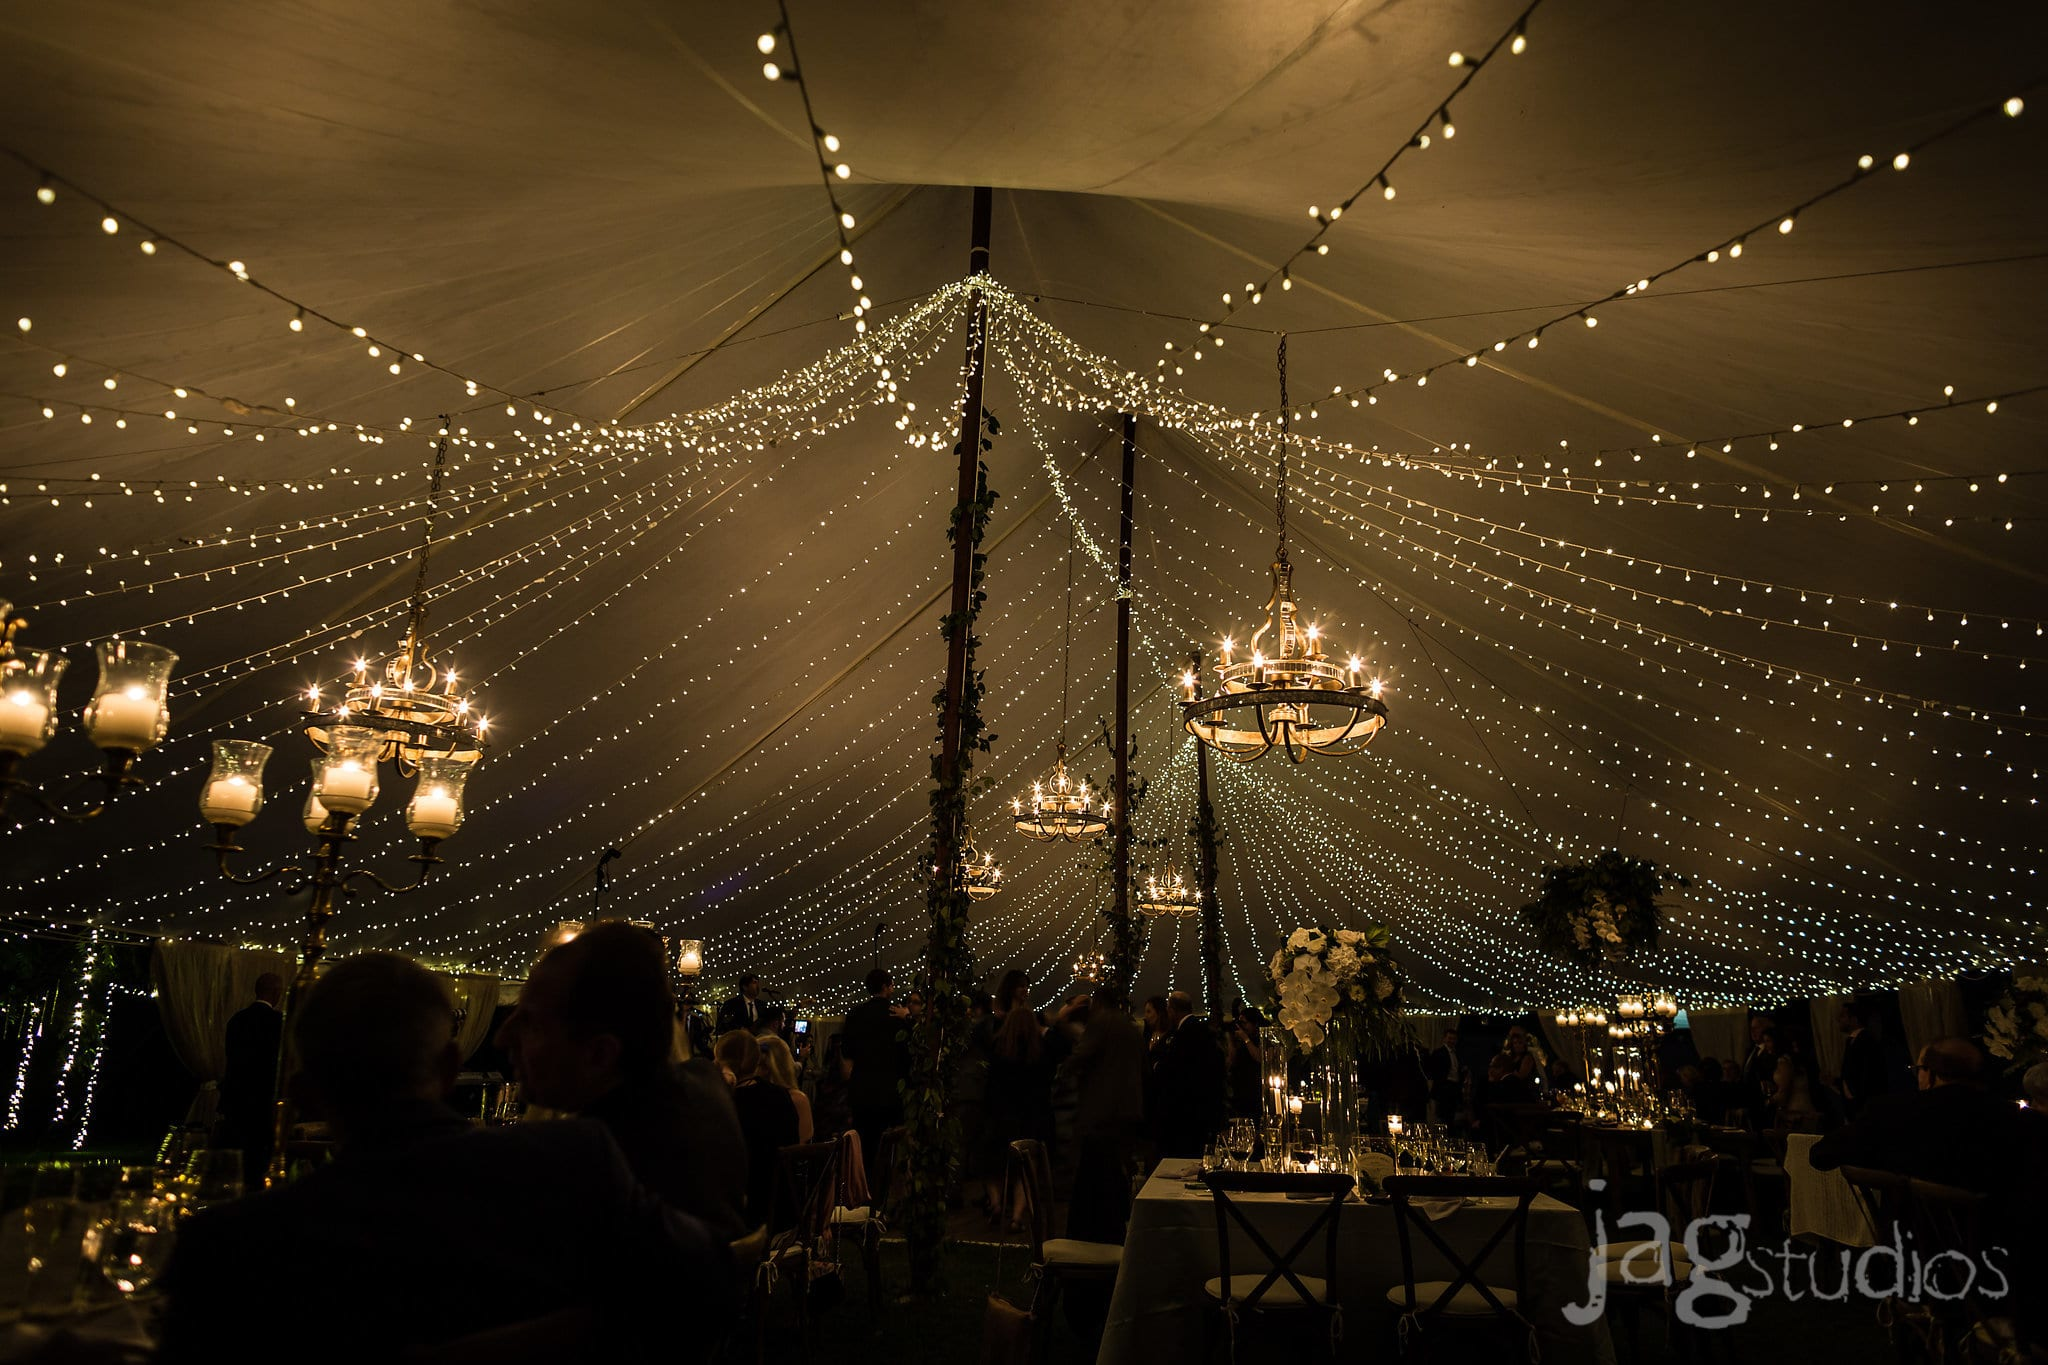 A Midnight Summer Dream lighting installation luxury New England Wedding Jaclyn Watson Events
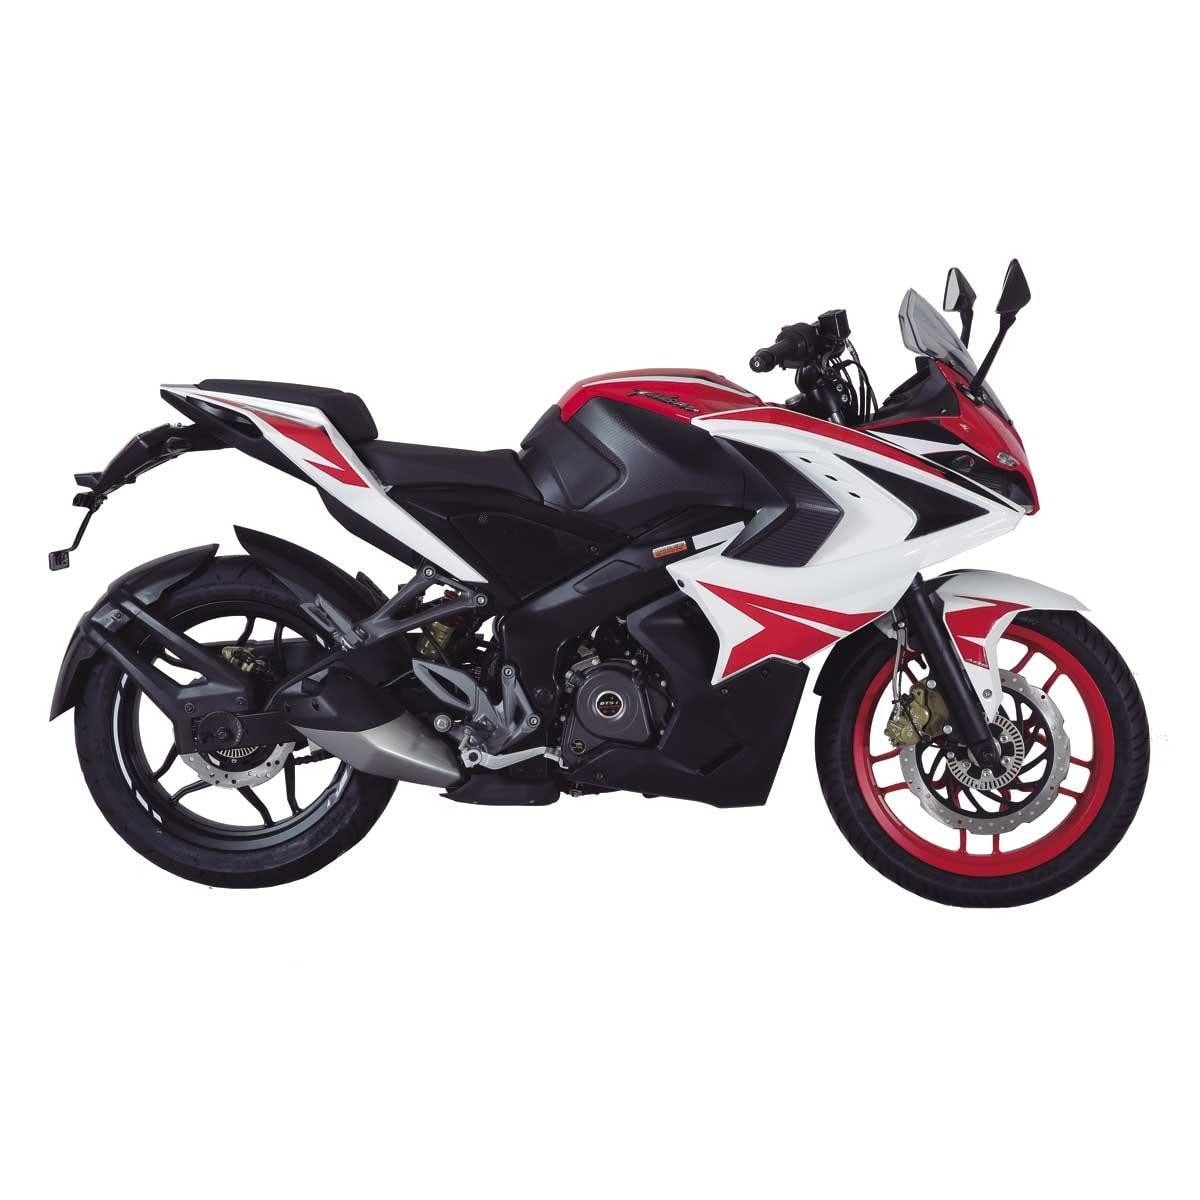 Motocicleta Pulsar Rs 200 Cc Roja Bajaj
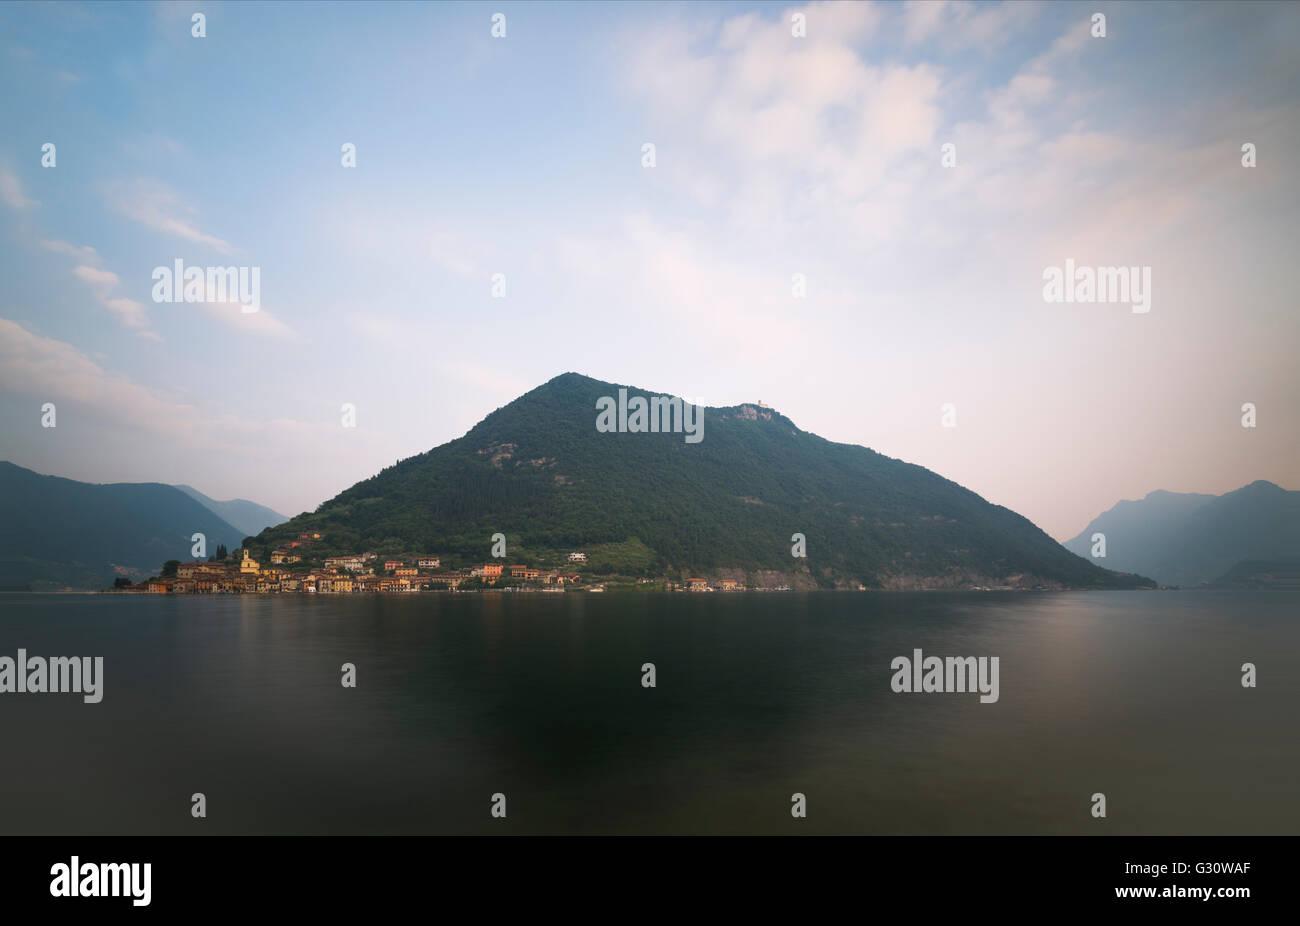 Panorama of scenery with Monte Isola island at Lake Iseo at sunrise,Sulzano,Lombardy,Italy - Stock Image

####################

Brief
With the pictures set aside, return each line of the listing exactly as given.

Response below
 A Midnight Summer Dream lighting installation luxury New England Wedding Jaclyn Watson Events
 Motocicleta Pulsar Rs 200 Cc Roja Bajaj
 Panorama of scenery with Monte Isola island at Lake Iseo at sunrise,Sulzano,Lombardy,Italy - Stock Image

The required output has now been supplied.